A Leaked Tape Makes A Member Of The LA City Council A Wanted Man In His Own City
A Leaked Tape Makes A Member Of The LA City Council A Wanted Man In His Own City

A Leaked Tape Makes A Member Of The LA City Council A Wanted Man In His Own City

LOS ANGELES — Los Angeles City Council Member Kevin de León was making a rare public appearance and giving away free turkey in his district when he had to leave quickly because protesters were coming.

They have been looking for him all over this huge city since October when a recording was leaked that showed de León and a few of his colleagues using racist language as they planned to change the political boundaries of the city to help Latinos.

De León stopped going to City Council meetings to avoid the loud protests, though he did try for a short time on Friday. He left the bungalow he bought last year for almost $1 million. When protesters heard that de León would be there, a local women’s club quickly canceled a showing of “It’s a Wonderful Life.” They wrote an apology note and put it on the door. “Death threats have been made against the council member,” said spokesman Pete Brown. “We’re going to hire security for our tree-lighting events.”

After the recording came out in October, his life on the run has made a painful chapter last longer for Los Angeles. Just as Mayor Karen Bass takes office, the event has ruined local politics. Now, she has to deal with the fallout in a city that is already very divided and facing a lot of hard problems. No matter how hard others try to get rid of De León, he doesn’t seem to be going anywhere.

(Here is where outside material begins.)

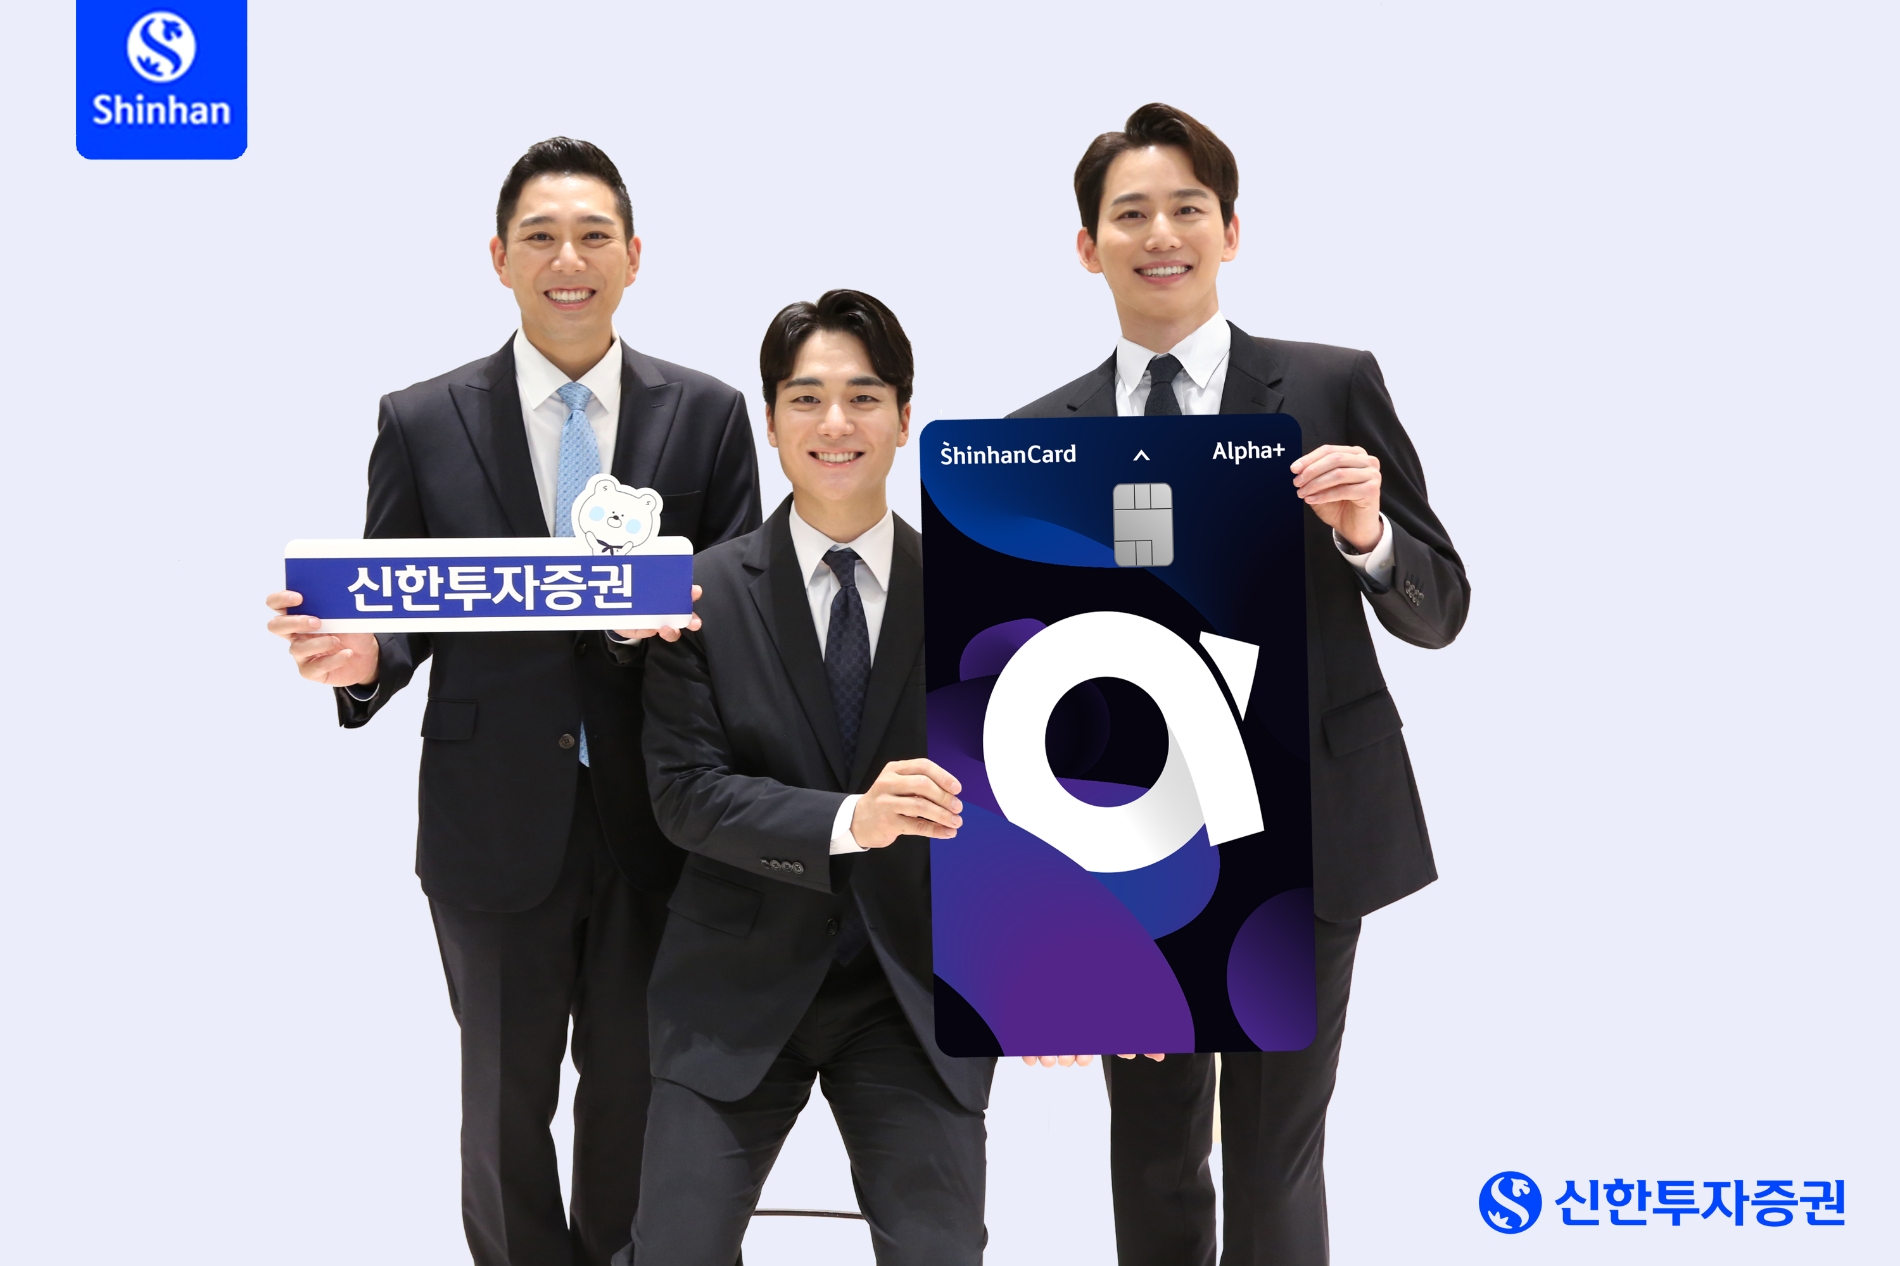 신한투자증권(대표 김상태)은 주식투자 전용 카드인 ‘알파 플러스 카드’를 출시했다고 8일 밝혔다. /사진 = 신한투자증권
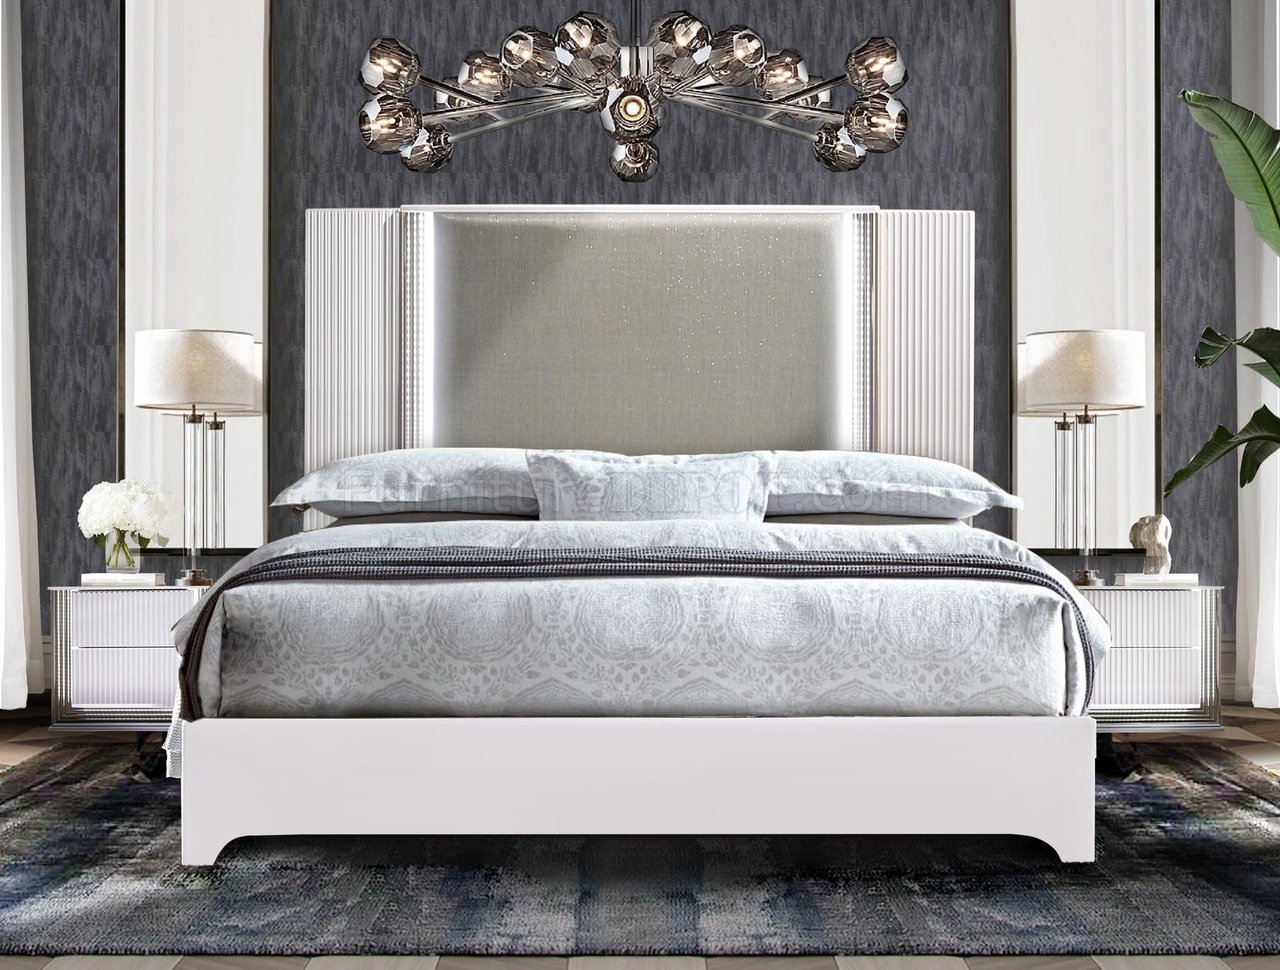 aspen white bedroom furniture

On Friday, de León tried to come out of hiding by going to a council meeting for the first time in 59 days. The hearing turned into shouting, and enough members left that the council had to take a break. When the meeting started again, the council member who had been in trouble was gone, and his critics were back to bashing him.

Later that night, de León got into a fight at a holiday party, and a video shows him picking up a protester and pushing him into a table. Both de León and Jason Reedy, the protester, have filed reports of battery against each other.

De León has sort of said sorry for what he said about the October recording. In a few interviews with the media, he tried to downplay and explain what he had said. And he’s tried to stay out of the public eye as much as possible in the age of social media. What he hasn’t done is step down, even though President Joe Biden and almost every Democrat in California have asked him to.

A Leaked Tape Makes A Member Of The LA City Council A Wanted Man In His Own City
A Leaked Tape Makes A Member Of The LA City Council A Wanted Man In His Own City

Instead, the former longtime state legislator, who won the support of the state Democratic Party to run against Sen. Dianne Feinstein in 2018, is trying to stay in office at least for the last two years of his term, while making about $218,000 a year. It might just work. De León is still liked by most people in his district, which includes Eagle Rock and Boyle Heights. This makes a campaign to recall him risky and expensive.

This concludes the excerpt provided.